On a warm Sunday in early August, the incoming students of 2019 walked through Rockefeller Chapel, past their family and friends who were in attendance, to receive their first white coats. These 90 students come from 48 colleges and universities, 27 states, and some were born in countries other than the United States, yet they are now united in a common purpose in their journey to become physicians.
Kenneth Polonsky, MD, Richard T. Crane Distinguished Service Professor, Dean of the Division of the Biological Sciences and Pritzker School of Medicine, welcomed the incoming students to campus and spoke of the unique opportunities awaiting them here. From the new procedures being developed at UChicago Medicine to any future changes that may come to the U.S. healthcare system, Pritzker students will be learning in a vibrant time of scientific and societal changes. This is a time to “find out what you are interested in, what you are good at, and how you can make a difference,” he said.

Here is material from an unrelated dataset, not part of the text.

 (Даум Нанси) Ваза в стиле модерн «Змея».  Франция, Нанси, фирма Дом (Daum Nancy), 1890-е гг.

Halina Brukner, MD, Dean for Medical Education, welcomed everyone and harkened back to the first ever white coat ceremony, which was started by Pritzker decades ago. She also thanked the sponsors of the event, among them the Medical and Biological Alumni Association and the Arnold P. Gold Foundation.
The two White Coat Ceremony Committee Co-Chairs, Shay Huang and Jorge Luis de Avila, MS2s, introduced keynote speaker Nora Jaskowiak, Professor of Surgery, Surgical Director of the Breast Center, and Clerkship Director for Surgery. “In the coming years,” she said, “you will enter into the lives of your patients in ways that few others can…. Every patient has a story, and I hope that you will embrace the story of each patient that you have the honor to care for over the next four years.”

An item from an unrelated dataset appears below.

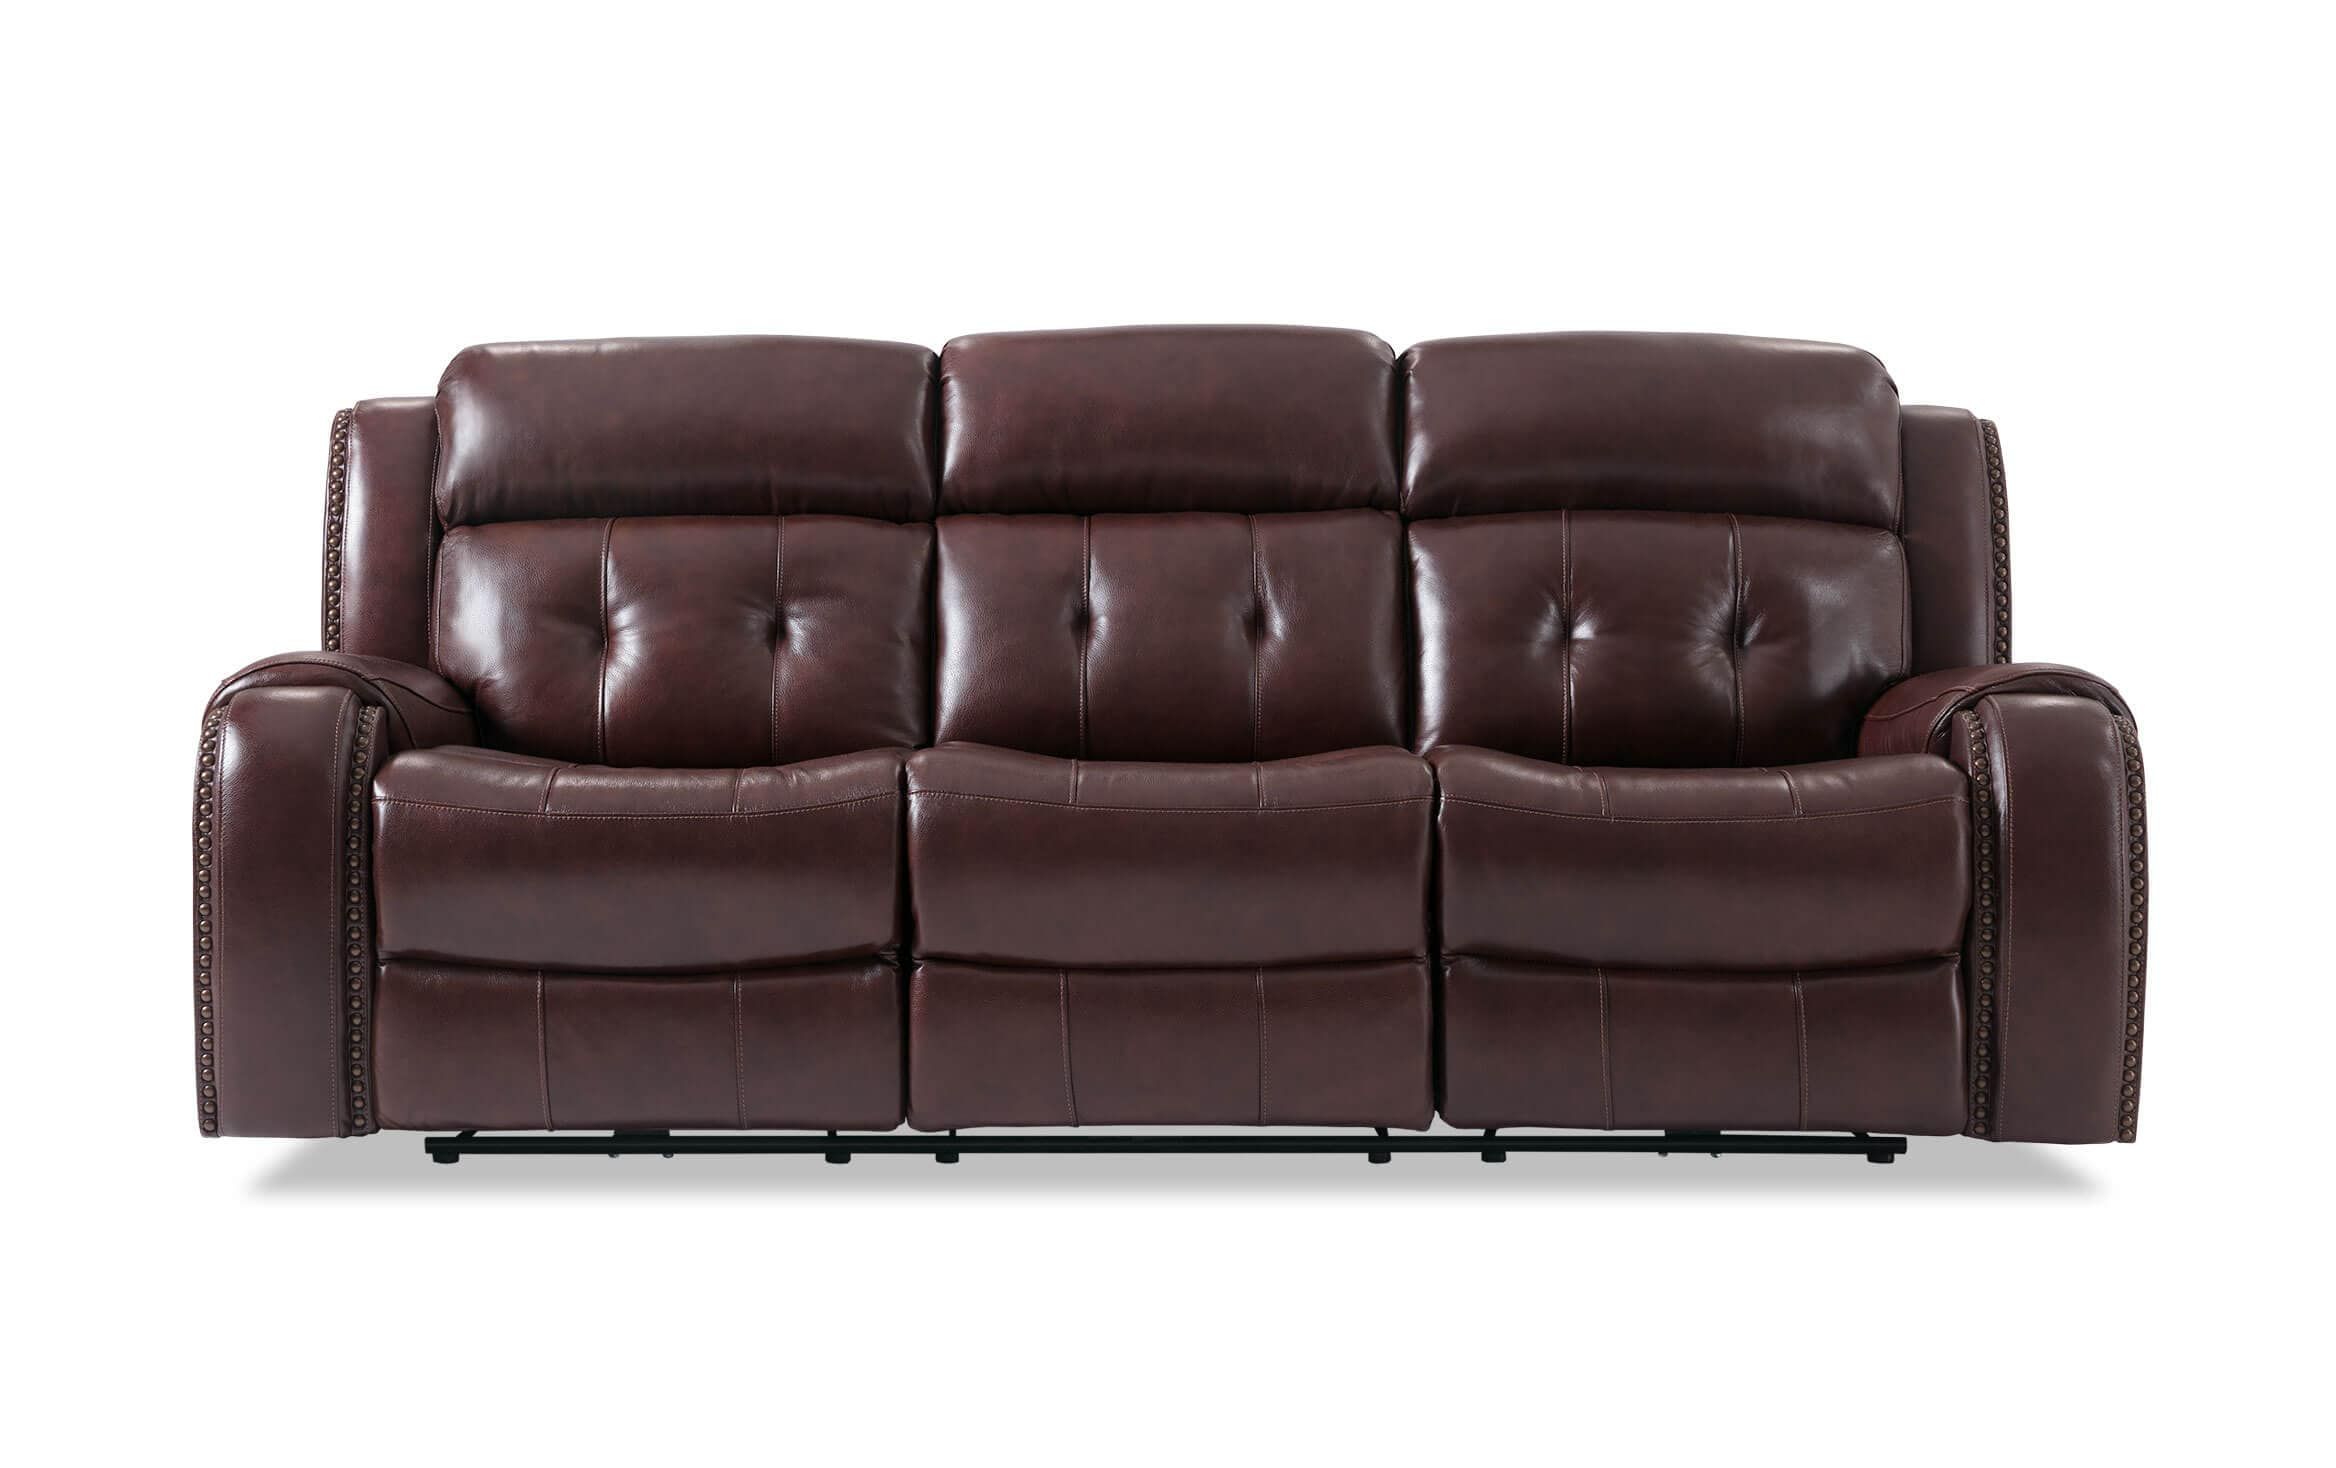 Bobs Furniture Leather Sofa : Trailblazer Gray Leather With Trailblazer Gray Leather Power Reclining Sofas (View 4 of 15)

Dr. Jaskowiak then talked about the lives of the four physicians whose names grace the names of Pritzker’s Advising Societies:
- Lowell T. Coggeshall (1901-1987) who served as Dean of the Biological Sciences Division and the Medical School of the University of Chicago for 16 years. Dr. Coggeshall's greatest contribution to American medical education was his role in reshaping the AAMC into an effective voice for academic medicine.
- Joseph Bolivar DeLee (1869-1942) who is often called the father of modern obstetrical care. In 1914, Dr. DeLee established what later became Chicago Lying-In Hospital.
- Charles B. Huggins (1901-1997) who won the Nobel Prize for Medicine in 1966 for his pioneering discoveries regarding the relationship between hormones and prostate cancer.
- Janet Rowley, MD'48 (1925-2013) who was a pioneer in connecting the development of cancer with genetic abnormalities. Rowley’s findings opened the door to development of drugs directed at the cancer-specific genetic abnormalities.
After imparting on those gathered at the ceremony the lessons they could learn from each of these four figures, she reminded students: “Be kind to your patients, be kind to your colleagues, and please be kind to yourselves. Think, discover, work hard, persist, care, and love what you do."
With that, the incoming class of 2019 rose to recite the Hippocratic Oath, led by Keme Carter, MD, Associate Dean for Admissions, and James Woodruff, MD, Dean of Students, then exited Rockefeller with wide smiles, white coats fluttering behind them.